One of the B12-associated loci, FUT2, has previously been associated with reduction in liver enzymes including alkaline phosphatase (ALP)  and cholesterol levels , increased risk of Crohn's disease , , psoriasis , retinal vascular caliber  and type 1 diabetes  and protection against Norovirus infection . These associations can be explained by the function of FUT2 in cell surface glycobiology as determinant of the Lewis antigen blood group. To evaluate pleiotropic effects of the identified B12 and folate variants, we screened the deCODE phenotype database, which contains information on the majority of common diseases and their associated risk factors (n=400), applying both multiplicative and recessive genetic models (P=3.5×10−6 after Bonferroni correction). We found that the FUT2 variant associated strongly with serum levels of ALP (P=1.1×10−73) and also with psoriasis (P=4.3×10−3) as previously reported. We also detected a strong association with serum levels of cancer antigen 19-9 (P=1.1×10−146), lipase (P=2.2×10−24) and suggestive association with bone mineral density (BMD) (P=1.3×10−5) with the B12-increasing allele decreasing ALP levels, increasing the serum levels of the cancer antigen 19-9 and lipase and increasing the risk of developing low BMD (osteoporosis) (Table S11). An increase in serum lipase is associated with Crohn's disease , but the causal link is unclear. The increased risk for low BMD observed for the FUT2 variant may be secondary to reduced ALP activity that might be a reflection of reduced bone remodeling. When applying the recessive model to the B12 and folate variants we found suggestive associations of the FUT6 variant with abdominal aortic aneurysm (AAA) and of the folate-associated variant in MTHFR with thoracic aortic aneurysm (TA). In both cases the effect of the B12- or folate-increasing allele was protective (Table S11). These associations could be mediated through the effect of these variants on B12 and folate levels as reduced levels of B12 and folate have been linked to the development of aortic aneurysm .

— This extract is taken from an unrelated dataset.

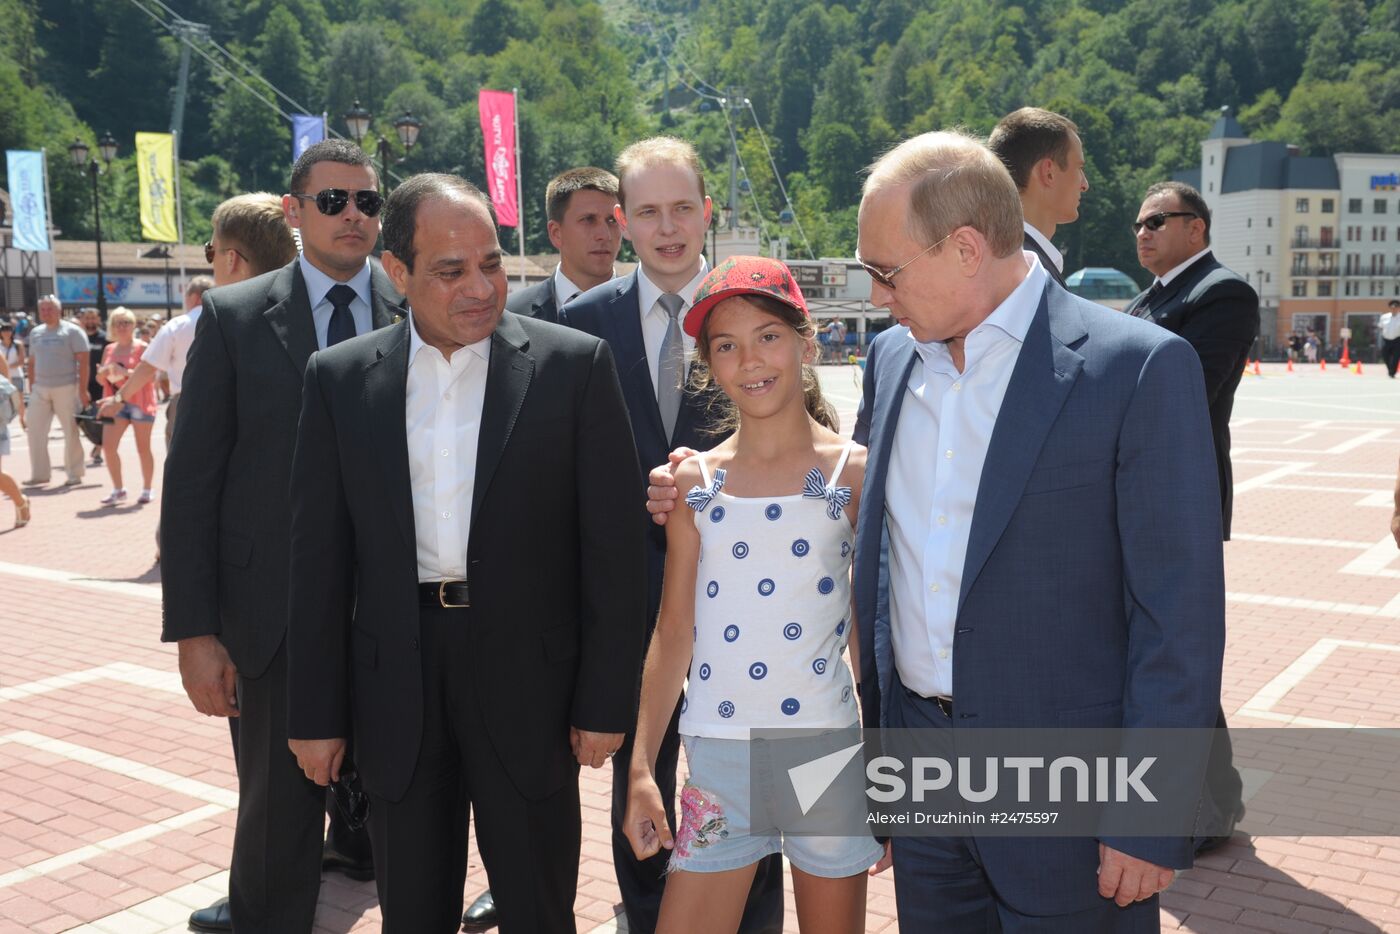 Vladimir Putin meets with Abdel Fattah al-Sisi in Sochi

Here we performed association analyses of up to 22.9 million SNVs, identified through WGS and WES, in up to 45,576 individuals to identify and characterize genetic variation influencing population diversity in serum levels of B12 and folate. We discovered five novel loci that associate with serum B12 levels and one novel locus for folate levels and replicated the six reported B12 loci and one folate locus. In addition, we identified five novel secondary independent signals at both the new and previously reported loci. The fraction of variance in serum B12 or folate levels explained by the identified variants is estimated to be 6.3% for B12 and 1.0% for folate (Text S1). Of the identified SNVs, both common and rare, we find that a large fraction (13 of 18) is represented by coding variants which is an unusually high fraction of coding variants compared to previous GWAS for other traits. Furthermore, of the 13 loci that associate with serum B12 and folate levels the genes at 11 of them can be directly linked to the current understanding of B12 and folate metabolism such as absorption, transport or enzymatic processes and one (FUT6) has potential links with these processes (Figure 3). Only CLYBL has a function that cannot be directly related to these pathways. Specifically, eight loci are involved in transporting B12 and folate between different tissues, four of them TCN1, FUT2, FUT6 and TCN2 as co-factors or regulators of co-factors necessary for the transport and the other four, CUBN, CD320, ABCD4  and FOLR3 as membrane transporters actively facilitating membrane crossing. MUT and MTHFR catalyze enzymatic reactions in the OCM where MMACHC and MMAA are involved in co-enzymatic processes (Figure 3). Moreover, we note that of the 13 genes, two (TCN2 and CD320) are known and two (MUT and MMAA) are suggested to interact in vivo  (Figure 3). Together with the high fraction of coding mutations these data indicate that the target genes at all of the loci have been identified.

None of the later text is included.